Secondly, our sample size is constrained by the state of our data at the end of the period of study. Therefore if we lose track of an individual after two years and six months, that observation needs to be dropped from our data set if we are focused only on the three-year point. Wherever possible, loss of data is something a statistician will want to avoid as it affects the accuracy and statistical power of inferences, and also means research effort was wasted.

*Survival analysis* is a general term for the modeling of a time-associated binary non-repeated outcome, usually involving an understanding of the comparative risk of that outcome between two or more different groups of interest. There are two common components in an elementary survival analysis, as follows:

- A graphical representation of the future outcome risk of the different groups over time, using
*survival curves*based on Kaplan-Meier estimates of survival rate. This is usually an effective way to establish*prima facie*relevance of a certain input variable to the survival outcome and is a very effective visual way of communicating the relevance of the input variable to non-statisticians. - A
*Cox proportional hazard*regression model to establish statistical significance of input variables and to estimate the effect of each input variable on the comparative risk of the outcome throughout the study period.

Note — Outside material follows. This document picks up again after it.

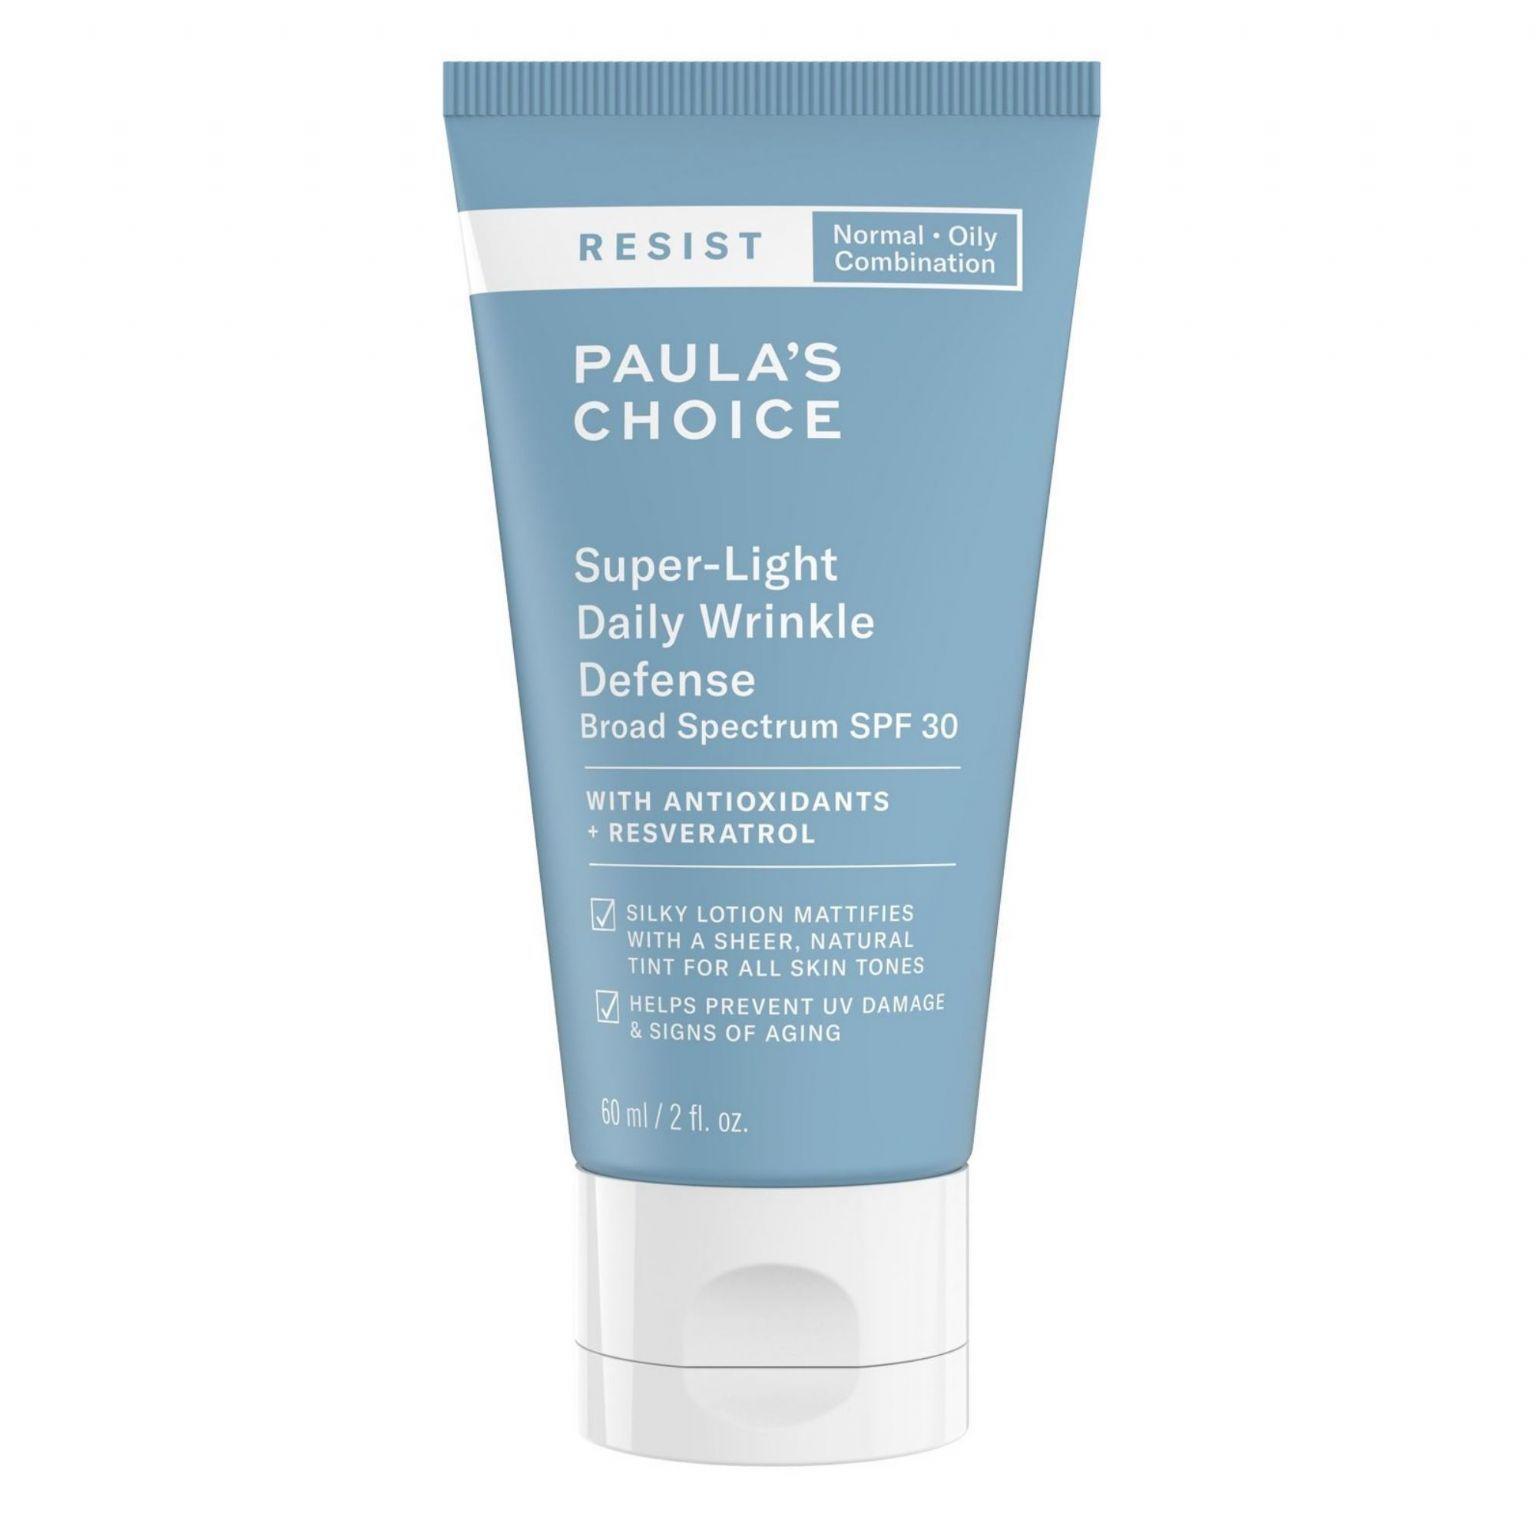 RESIST Super-Light Daily Wrinkle Defense Broad Spectrum SPF 30 - Normal/Oily/Combination Skin

Those seeking a more in depth treatment of survival analysis should consult texts on its use in medical/clinical contexts, and a recommended source is Collett (2015). In this chapter we will use a walkthrough example to illustrate a typical use of survival analysis in a people analytics context.

The `job_retention`

data set shows the results of a study of around 3,800 individuals employed in various fields of employment over a one-year period. At the beginning of the study, the individuals were asked to rate their sentiment towards their job. These individuals were then followed up monthly for a year to determine if they were still working in the same job or had left their job for a substantially different job. If an individual was not successfully followed up in a given month, they were no longer followed up for the remainder of the study period.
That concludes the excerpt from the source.